"You're just fucking with me." The cigarettes in J.D.'s coat had carried through to the Betwixt-and-Between. He lit one of the few he had left. His mom would've told him off for smoking and language. "You even smell like yourself." Underneath the oiled metal of her armor.
"I don't know you," the Paladin repeated gently. "I'm sorry." But she was serene and unconcerned; she held her sword on her lap, buffing it with a square stone block.

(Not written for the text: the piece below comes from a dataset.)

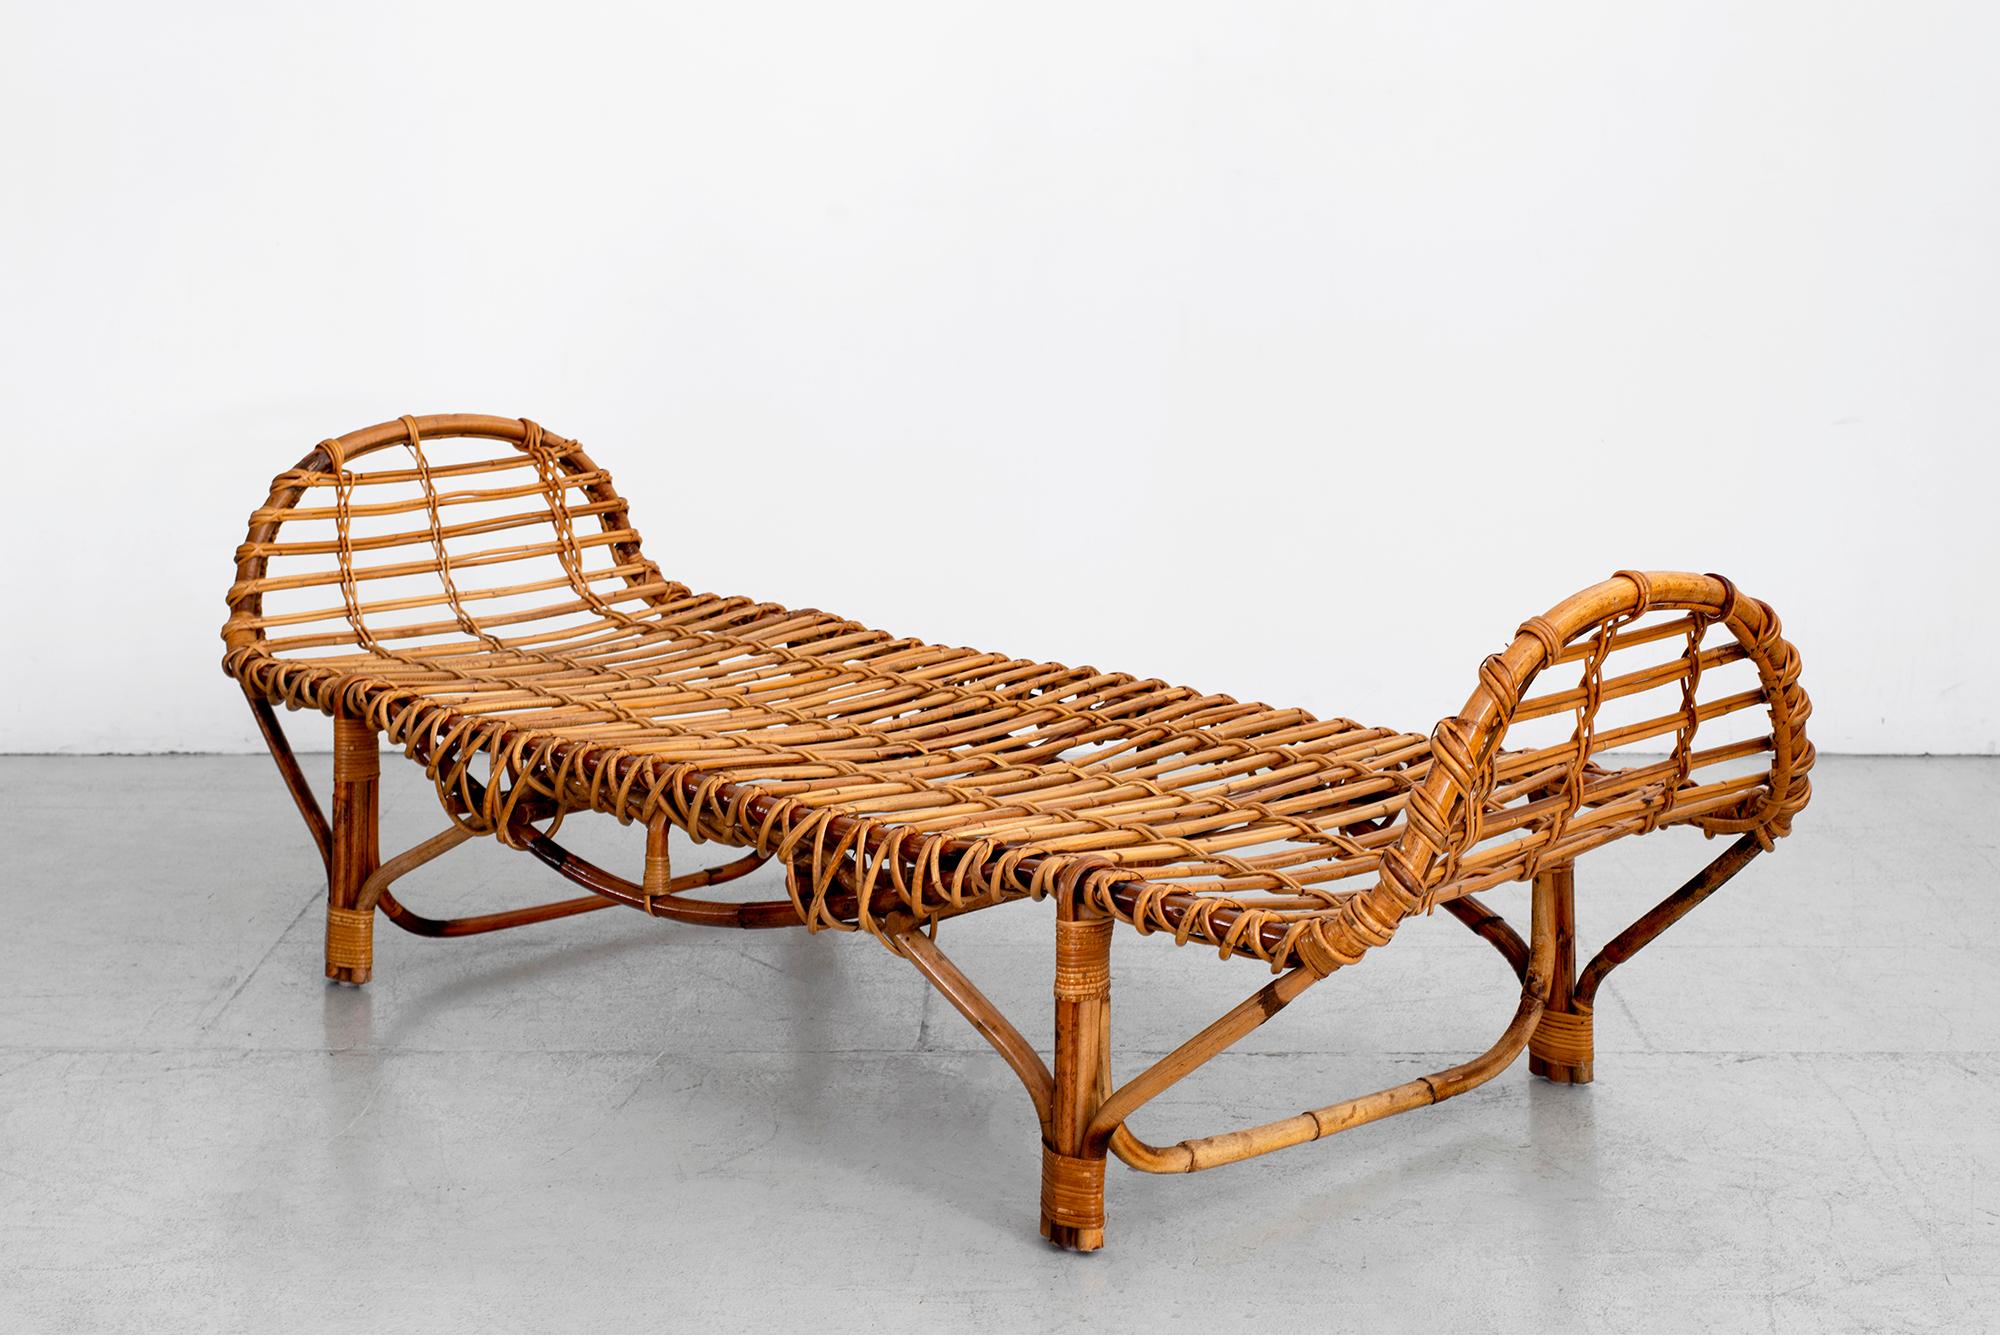 Italian rattan daybed by Lorenzo Forges Davanzati  for Bonacina. 
Great sculptural lines and craftsmanship.

"A knight in shining armor now! It fits," J.D. said. "Your name was Deanna Rosen, and Granddad Dean fought on the wrong side in World War Two. You took care of a violent old man who called you every foul name under the sun because you thought no one deserves to die alone. I'm not like you. You did everything for other people, except when you walked into that building and left me behind. You knew exactly what you were doing. You waved from the window and he blew the place up."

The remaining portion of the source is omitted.